**MATERIAL TO PROCESS**
^^^^
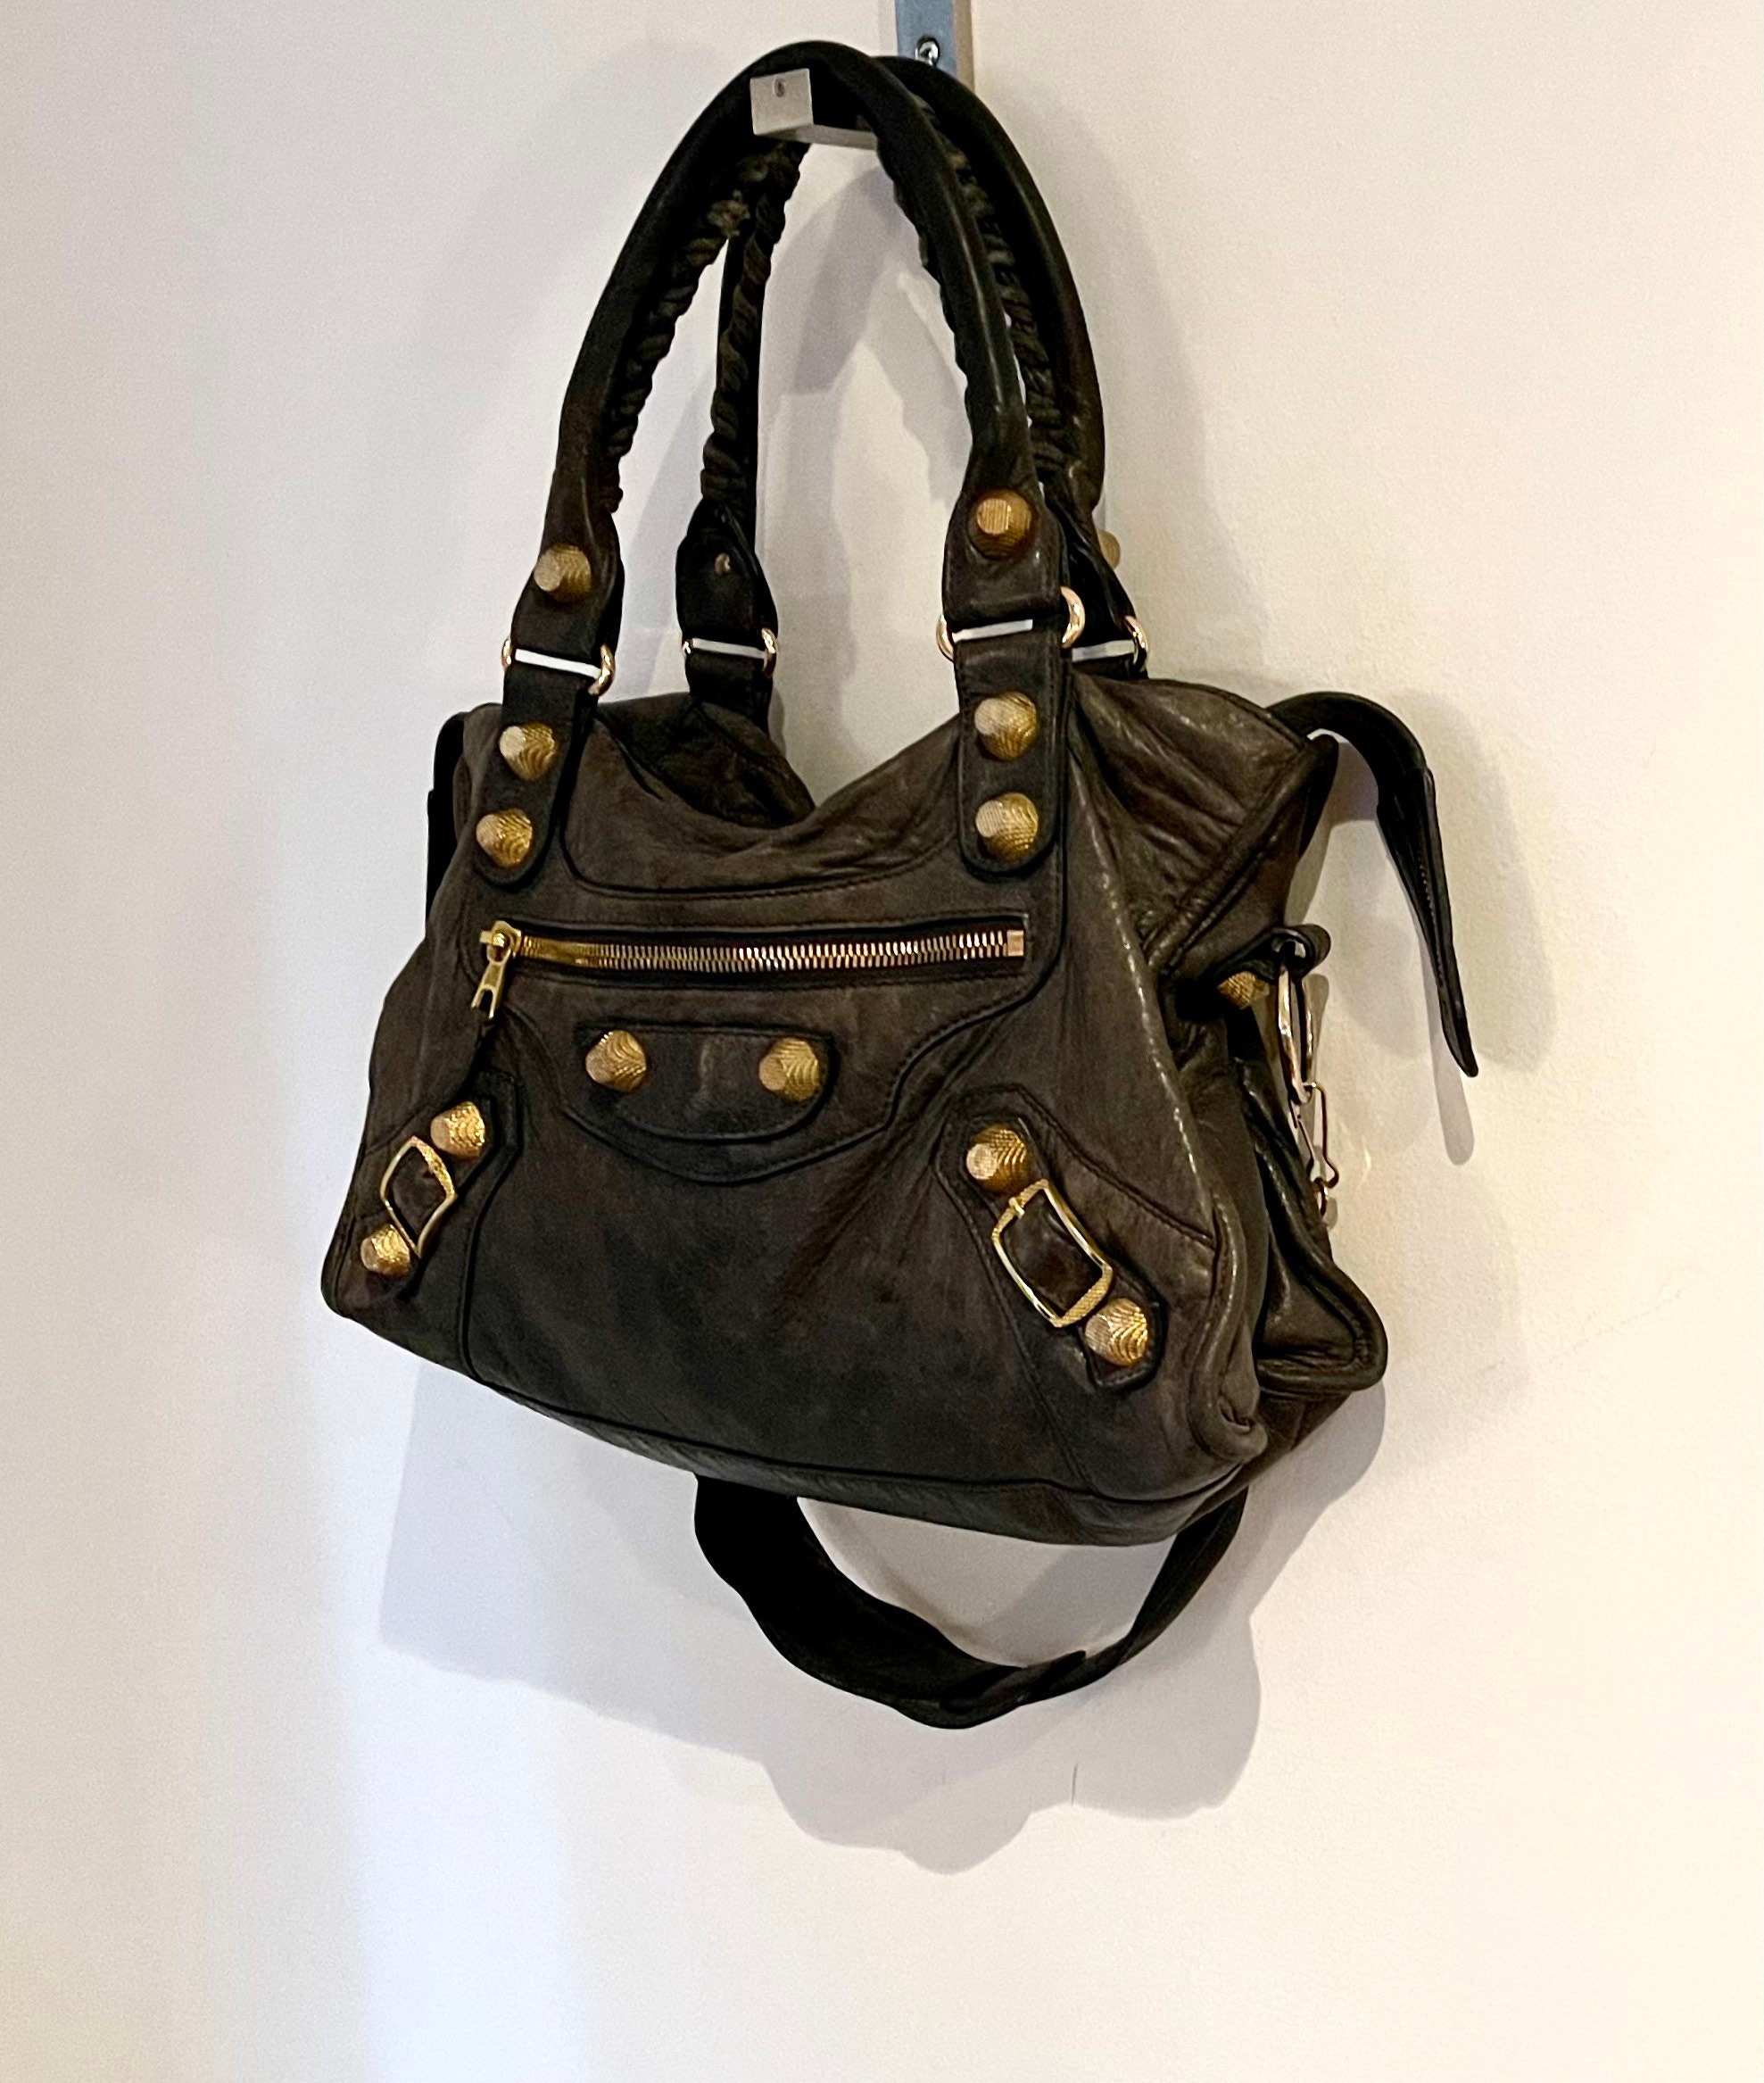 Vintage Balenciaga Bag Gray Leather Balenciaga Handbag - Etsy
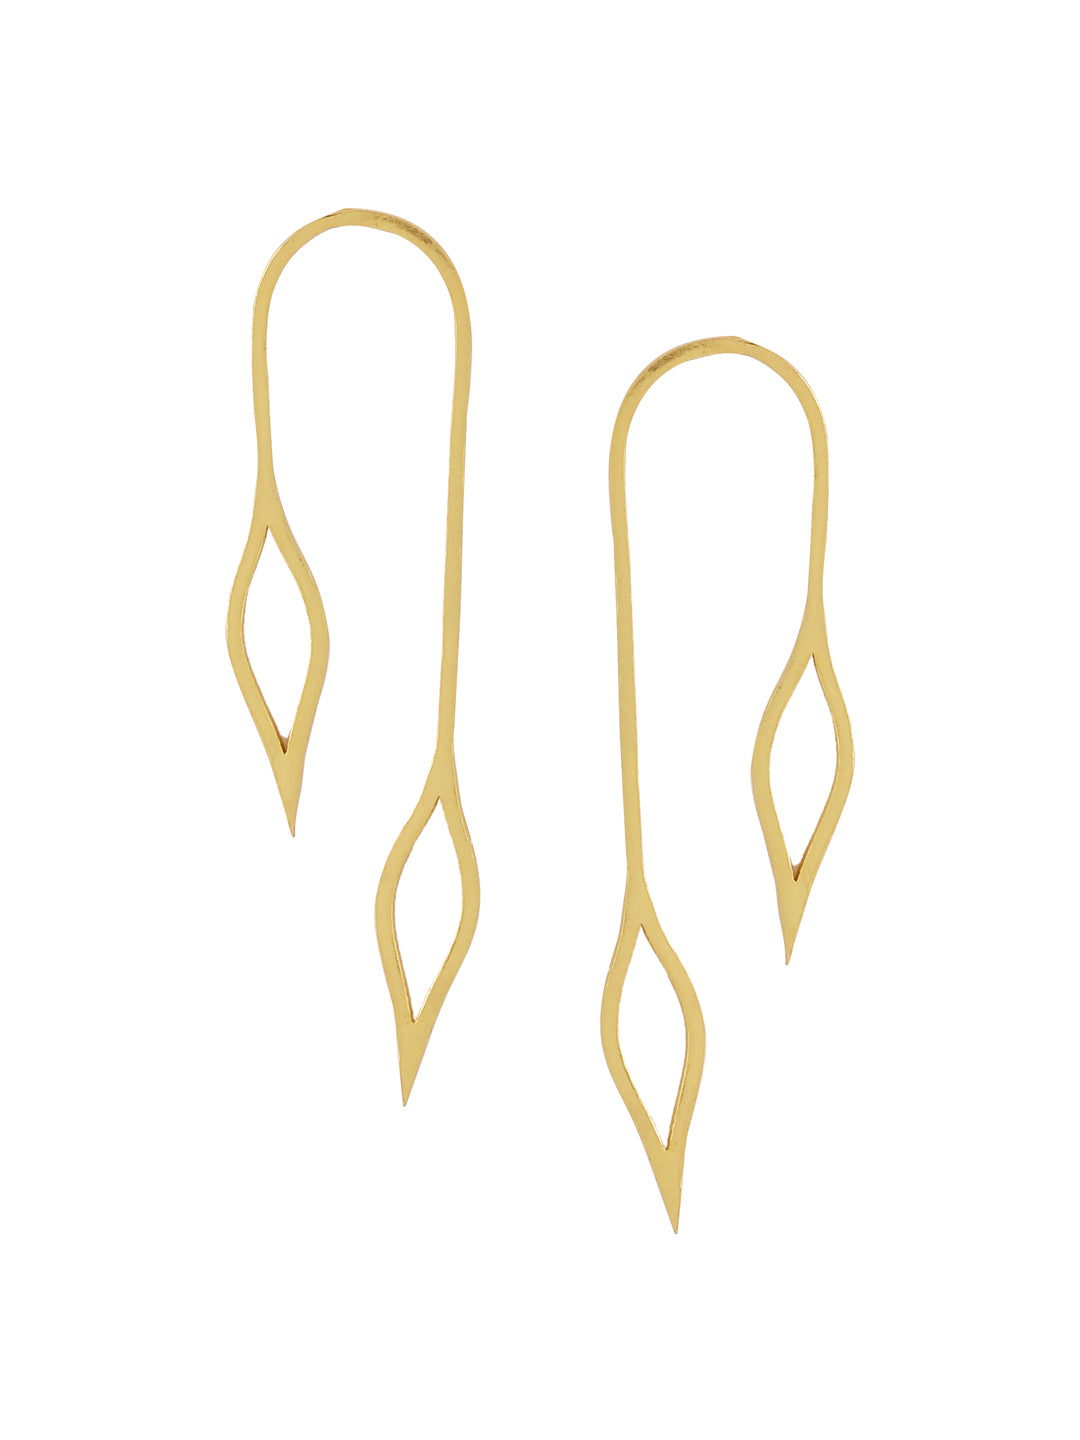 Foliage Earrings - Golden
^^^^
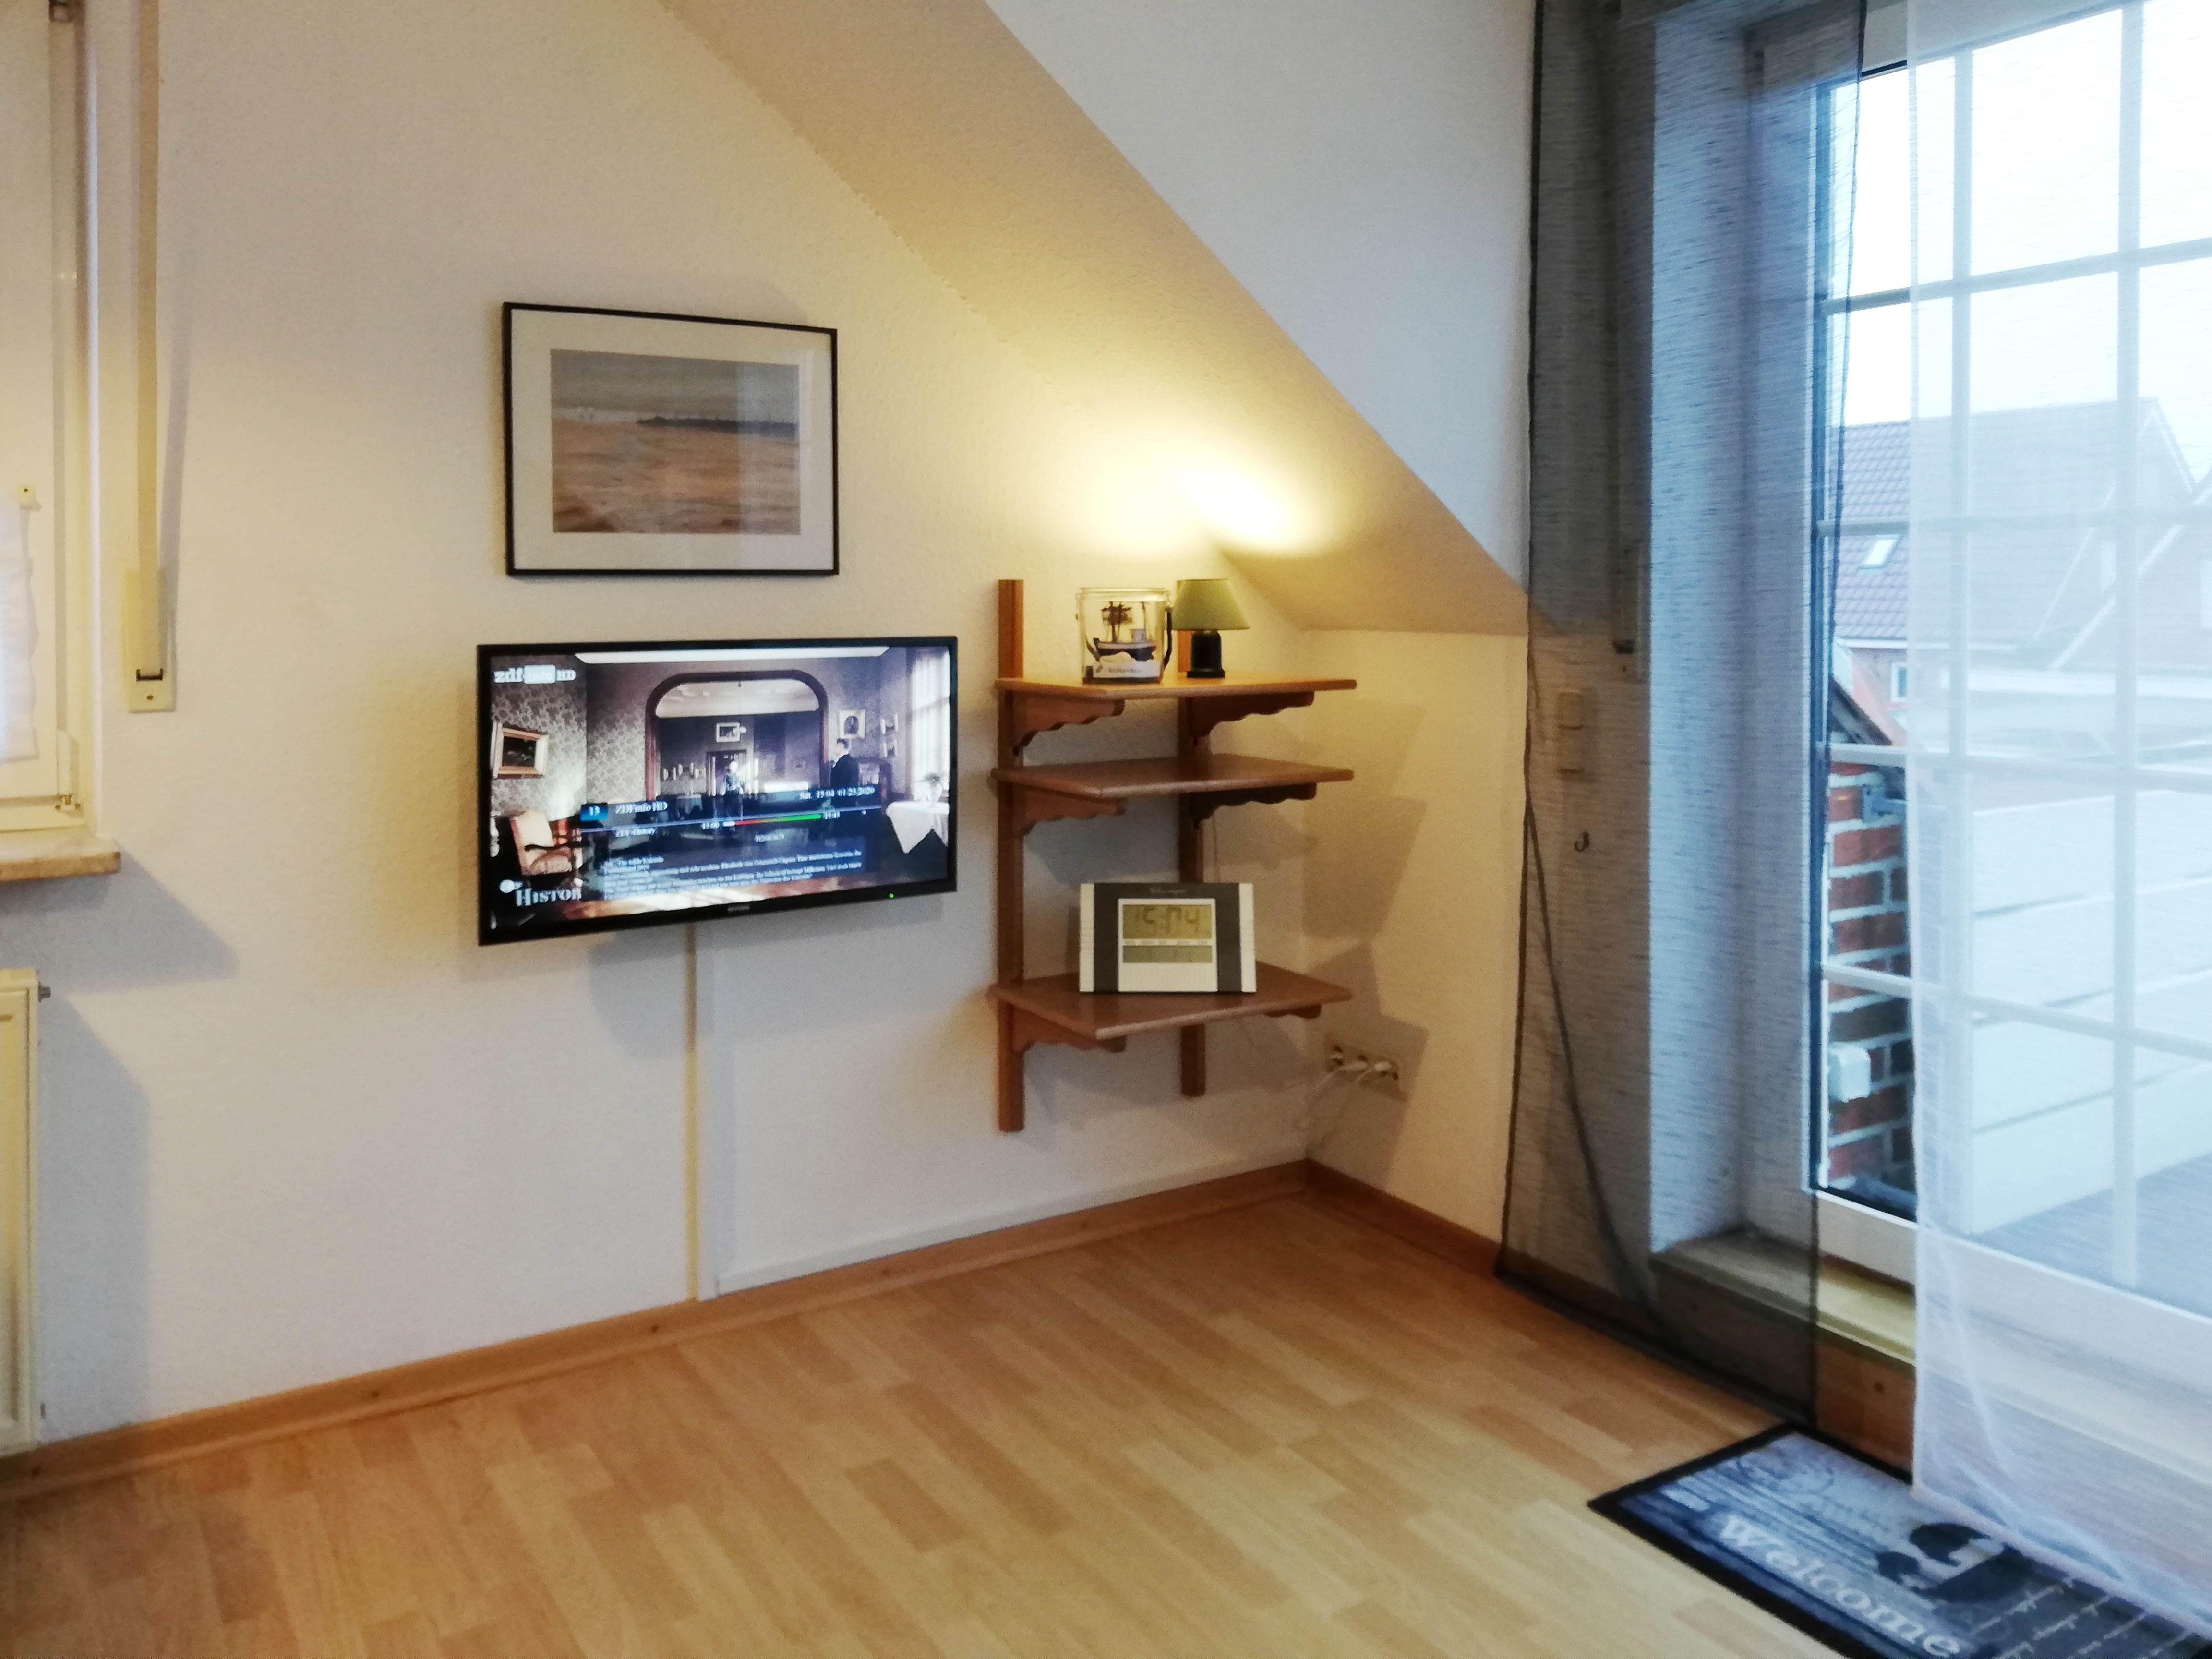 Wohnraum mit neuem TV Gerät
^^^^
**PROBLEM**
Starting at the line containing "Vintage Balenciaga Bag" and stopping at the line containing "Foliage Earrings - Golden", output each line exactly as it appears above. Leave out the pictures.

**RESULT FOR THIS EXERCISE**
 Vintage Balenciaga Bag Gray Leather Balenciaga Handbag - Etsy
 Foliage Earrings - Golden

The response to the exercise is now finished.